Artemisinin-resistant malaria surfaces in India
Poses major challenge against the global fight against the mosquito-borne disease.
doi:10.1038/nindia.2018.151 Published online 19 November 2018
Medical researchers have reported the first Indian cases1 of malaria resistant to the top line anti-malarial drug artemisinin. The finding assumes significance as India sits in the middle of the world's malaria corridor — cutting from Southeast Asia to Africa — already threatened by such drug resistance.
In what joins the dots for artemisinin resistance — a stumbling block in the global fight against the mosquito-borne disease — the researchers have identified 20 malaria patients in the eastern Indian state of West Bengal resistant to the standard combination drug therapy of artesunate–sulfadoxine–pyrimethamine.
While anaylsing data from 362 patients infected with the malaria-causing Plasmodium falciparum, researchers from Vidyasagar University, Midnapore, Calcutta School of Tropical Medicine, Kolkata and National Centre for Cell Science, Pune found that blood samples of 20 of these patients continued to harbour malarial parasites even after three days of artemisinin-based combination treatment.
However, they successfully treated the drug-resistant patients with a more effective combination therapy of artemether-lumefantrine. The researchers say this therapy worked due to two factors: the high efficacy of lumefantrine and higher number of required artemisinin doses, which was six in this case (artesunate is generally used for three doses).
The World Health Organisation recommends five different combination therapies. These combination therapies have one fast acting compound of artemisinin, such as artesunate or artemether, along with a slow acting drug that can wipe off residual parasites in the bloodstream over a longer period.
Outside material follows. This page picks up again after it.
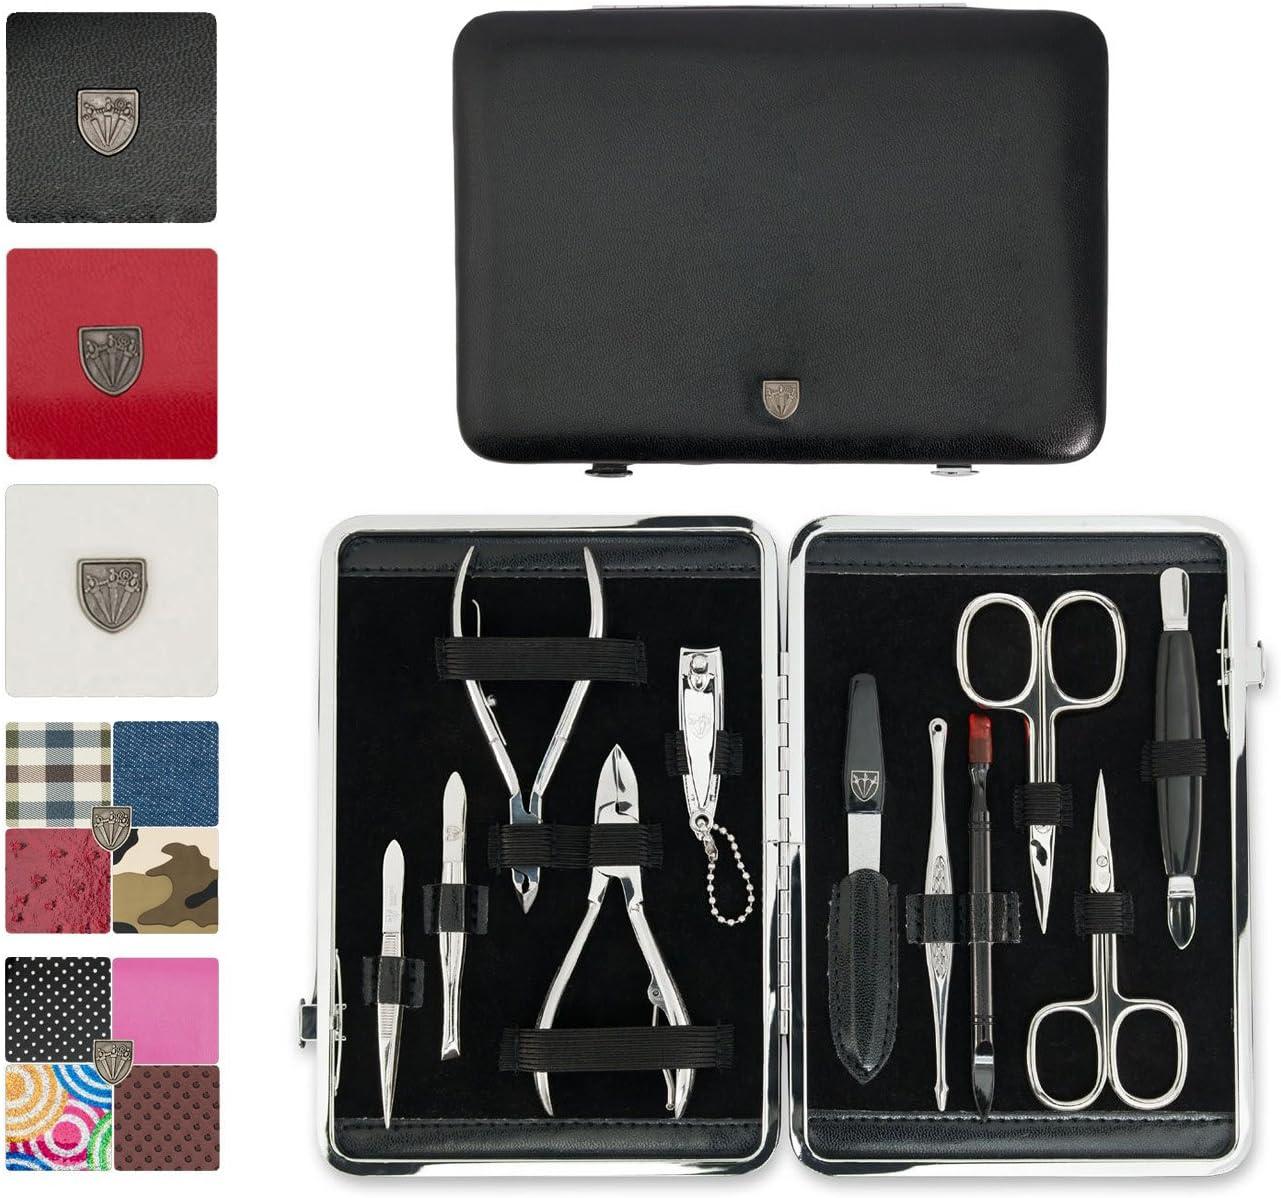 3 Swords-•,,,-- -Estuche de manicura-set de manicura-pedicura-beaute-beauty/cuidado de las uñas de manos y pies personal/• 11 piezas • Marca de calidad: Amazon.es: Belleza
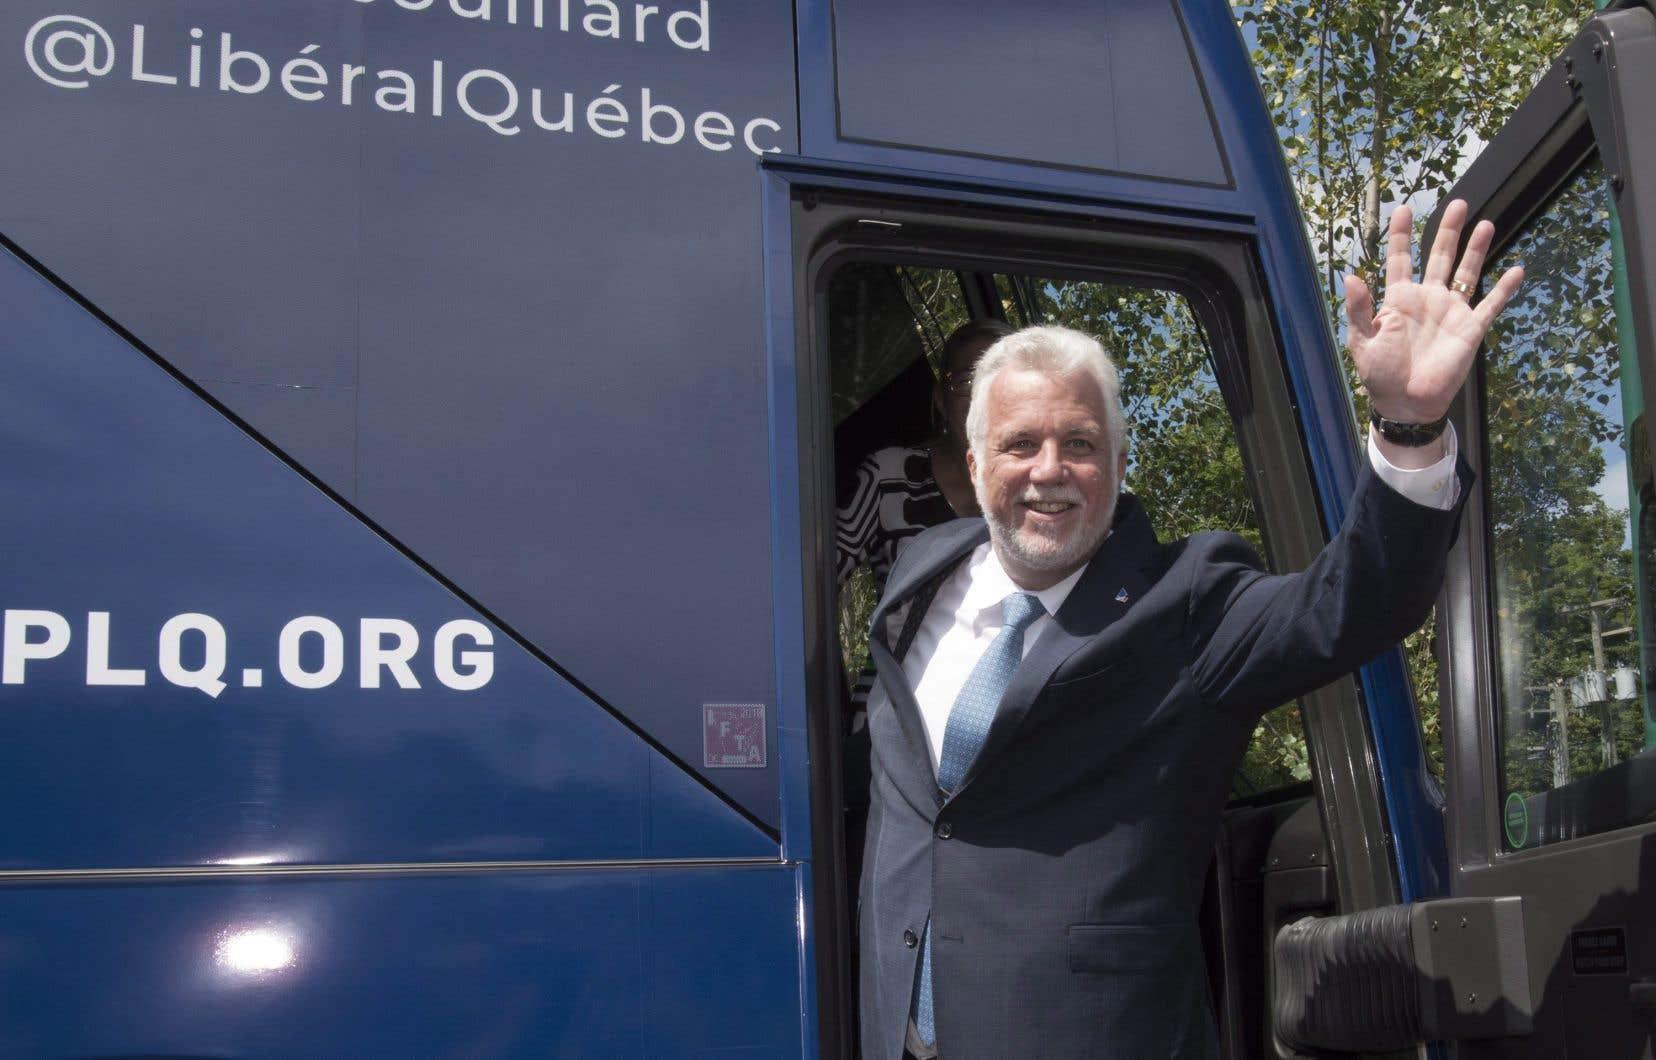 Philippe Couillard promet de «faciliter la vie des gens» s'il est réélu à la tête d'un gouvernement majoritaire.

WHO is now considering the use of artesunate-pyronaridine, a new therapy ratified by the European Medicines Agency (EMA), in areas where other combination therapies are failing.
The researchers, led by Somenath Roy, professor of human physiology at the Vidyasagar University, concluded that artemisinin cleared the majority of parasite within five hours but the remaining parasite was cleared by longer acting drugs. "Here longer acting drugs sulfadoxine-pyrimethamine were unable to clear the parasite biomass, which leads to partial artemisinin resistance as well late treatment failure,” said co-author, Sabyasachi Das, presently a physiology lecturer in the Faculty of Medicine at Lincoln University College, Malaysia.
The researchers also report some previously unseen mutations in the kelch13 gene, which is important in the molecular epidemiology of decreased artemisinin effectiveness.
"The study statistically and experimentally identifies the emergence of probable partial artemisinin resistance in the malaria parasite Plasmodium falciparum in eastern India for the first time," Roy told Nature India.
The researchers undertook two separate studies — first, in the lower Ganges delta of Bengal, where they found five out of 136 patients resistant to artemisinin-based therapy; and second, in the Purulia, Bankura, Midnapore, and Kolkata districts of West Bengal, which threw up 15 resistant cases out of 226. The second study has been accepted by the journal Clinical Infectious Diseases and is awaiting publication.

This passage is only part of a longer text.